The problem is that I have no idea if what I'm doing is right. It works, but most likely it could be done better/cleaner/more efficiently. I have several doubts - see the comments in the code.

It would be great if cspell-lib was documented. This lib seems to be the best spell-checking lib on the market. It would be nice if we could use it with ease.

Jason3S commented 3 years ago

@wujekbogdan,

Cool idea to create a service. There are a LOT of questions in this request.

A few tips:

Configuration / Settings are your friend

If your custom word list is static, then store it in a text file with one word per line. You can reference it in the settings:

Store all your custom dictionary / settings in a cspell.json or cspell.config.js file and use readSettings function to load them.

If you only want to use your own custom word list, then the following will work:

  const settings = {
    // Needed to load existing dictionaries. Not needed if you only plan to use your own.
    ...getDefaultSettings(),
    // Not needed
    // enabledLanguageIds: [],
    // Optionally your custom words can go here.
    words: customWords // these words will be part of the dictionary returned by getDictionary
  };

I suggest using mergeSettings to build up the settings if you read settings from a file.

const settings = mergeSettings(getDefaultSettings(), readSettings('path to your cspell.config.js`));
// empty '' is fine. The method looks for embedded `cspell` settings in the document. Since you do not
// expect them, no need to send any text.
const fileSettings = combineTextAndLanguageSettings(settings, '', ['plaintext']);

Avoid using compound word suggestions.

Avoid using compound word suggestions, they are very slow. Only use them if you expect to be splitting words.

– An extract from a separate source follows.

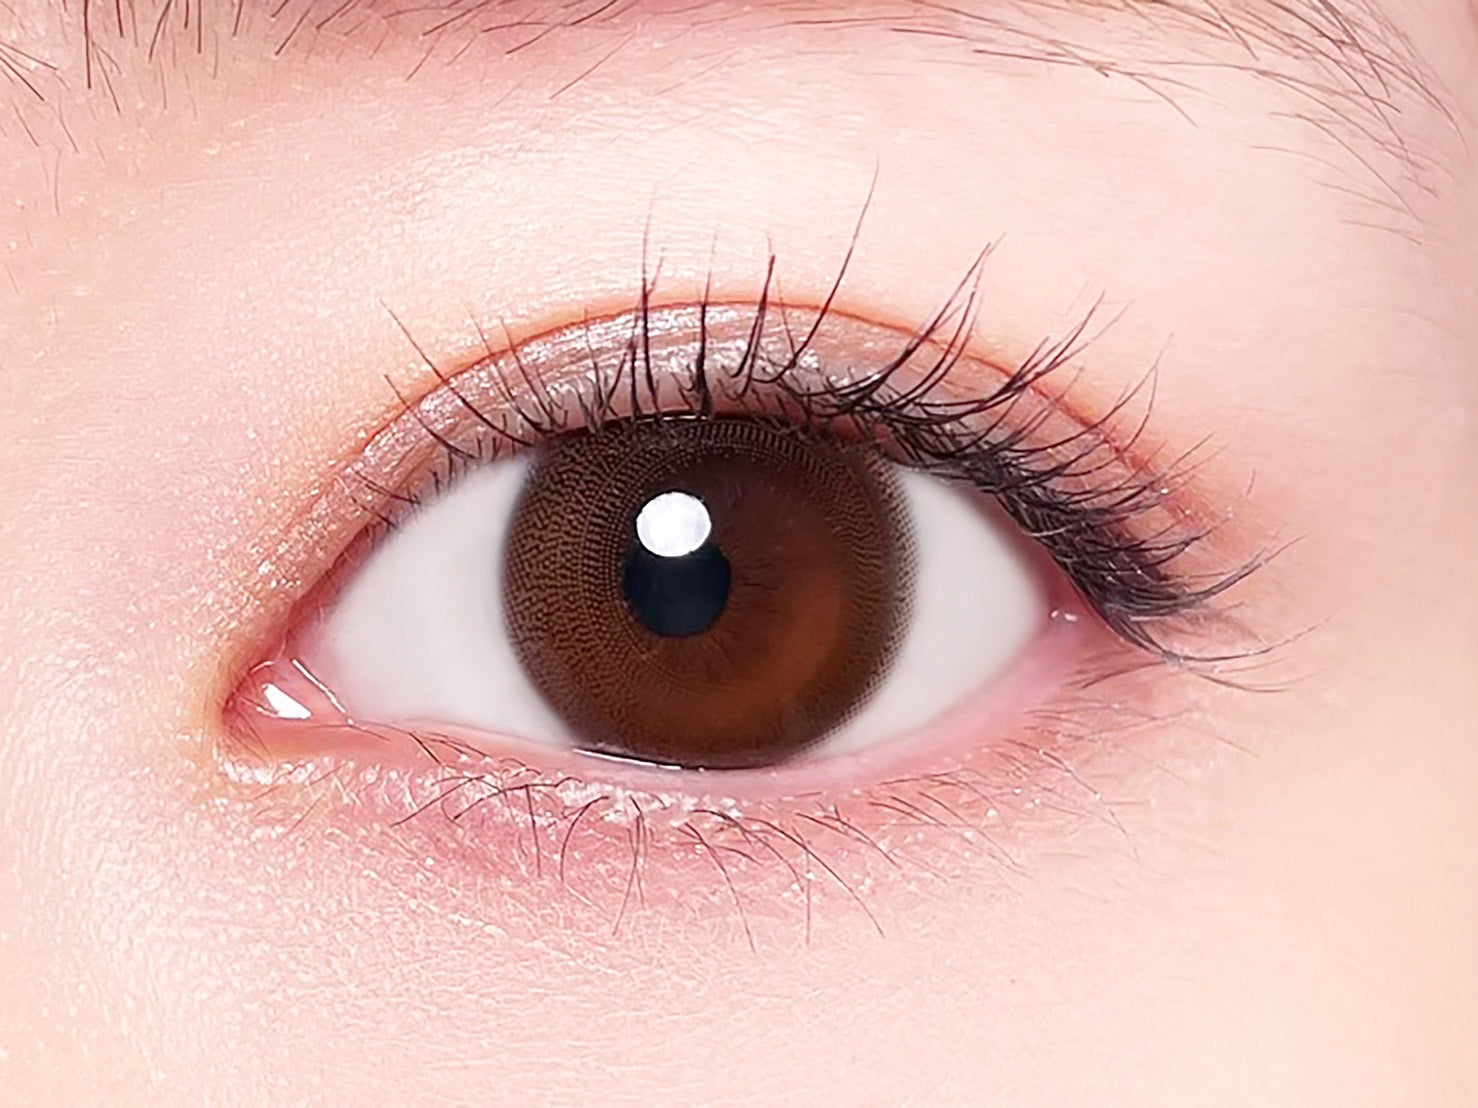 カラーコンタクトレンズ、BELTA ピュアブラウン | 2weekを装用した状態の目のアップ画像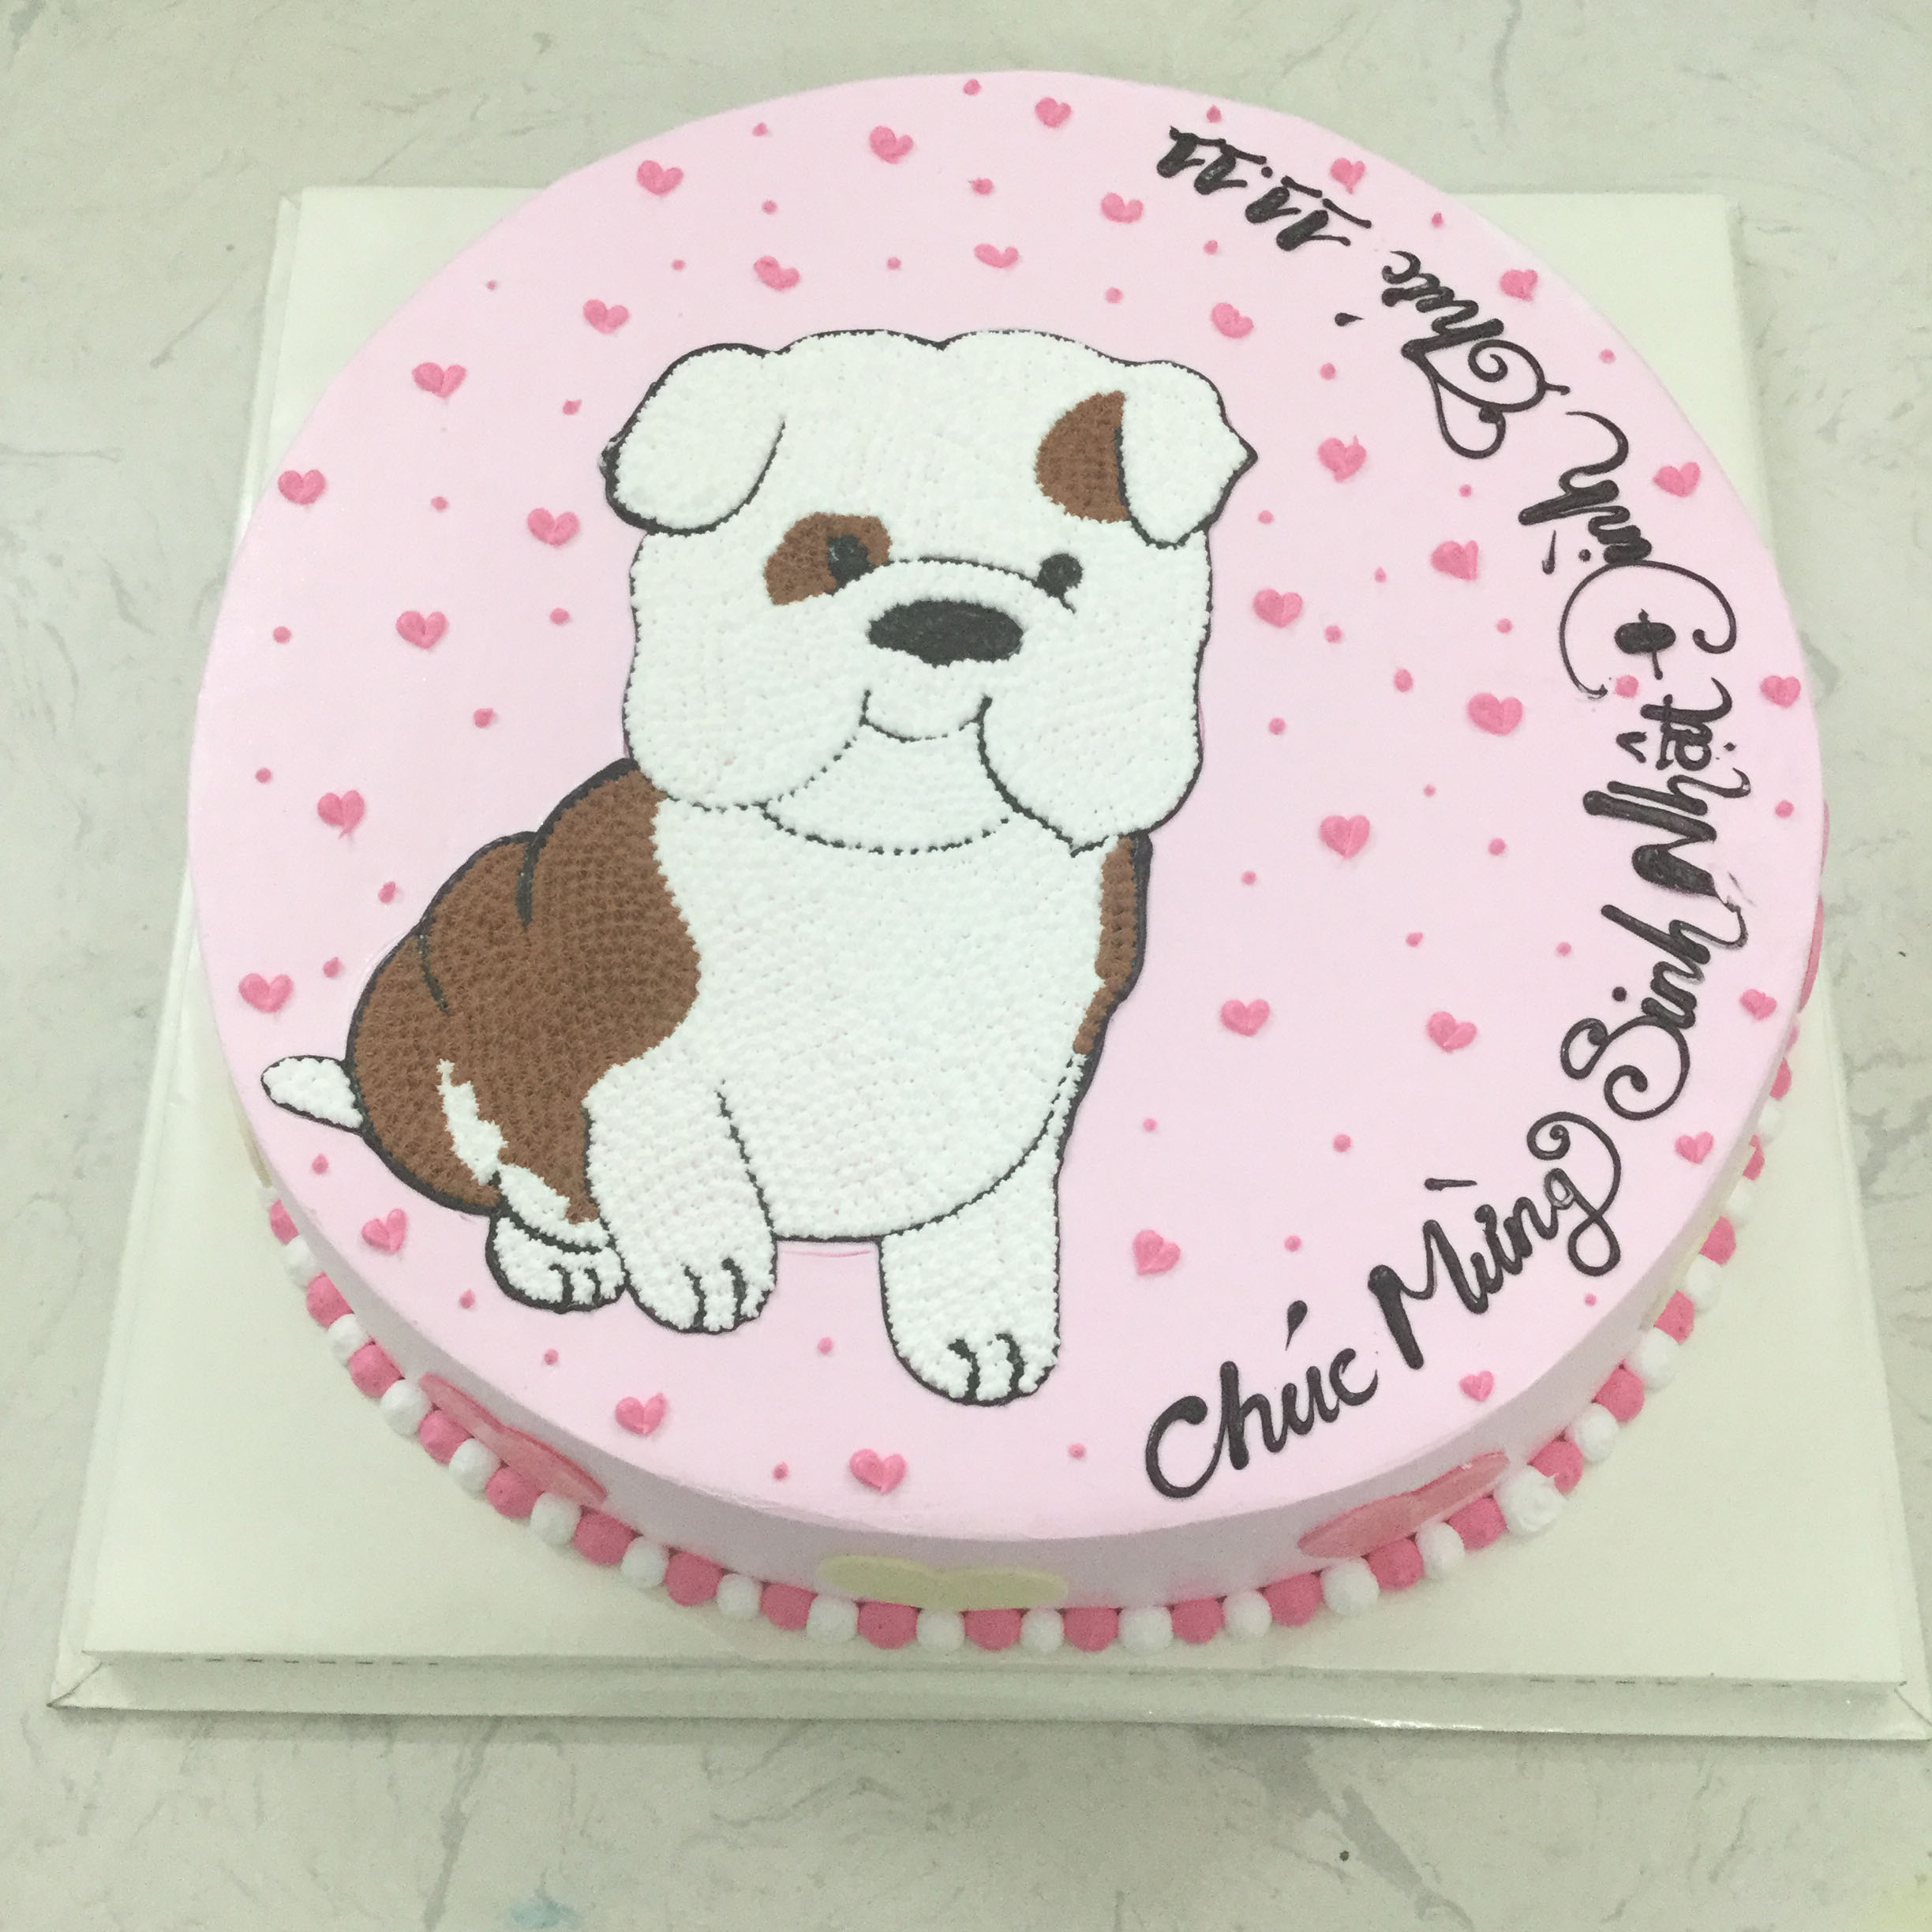 Bánh kem sinh nhật vẽ hình con chó tuổi tuất nâu dễ thương tặng con gái yêu   Bánh Kem Ngộ Nghĩnh

const suggestions = dictionary.suggest(word, 1);
Jason3S commented 3 years ago

It would be great if cspell-lib was documented. This lib seems to be the best spell-checking lib on the market. It would be nice if we could use it with ease.

I agree.

wujekbogdan commented 3 years ago

Thanks a lot for the quick response!

If you only want to use your own custom word list, then the following will work:

Is it faster than the current solution that relies on SpellingDictionaryCollection? Are there any pros/cons of using one technique over another?

Avoid using compound word suggestions, they are very slow. Only use them if you expect to be splitting words.

Thanks for the tip. I'll have it in mind.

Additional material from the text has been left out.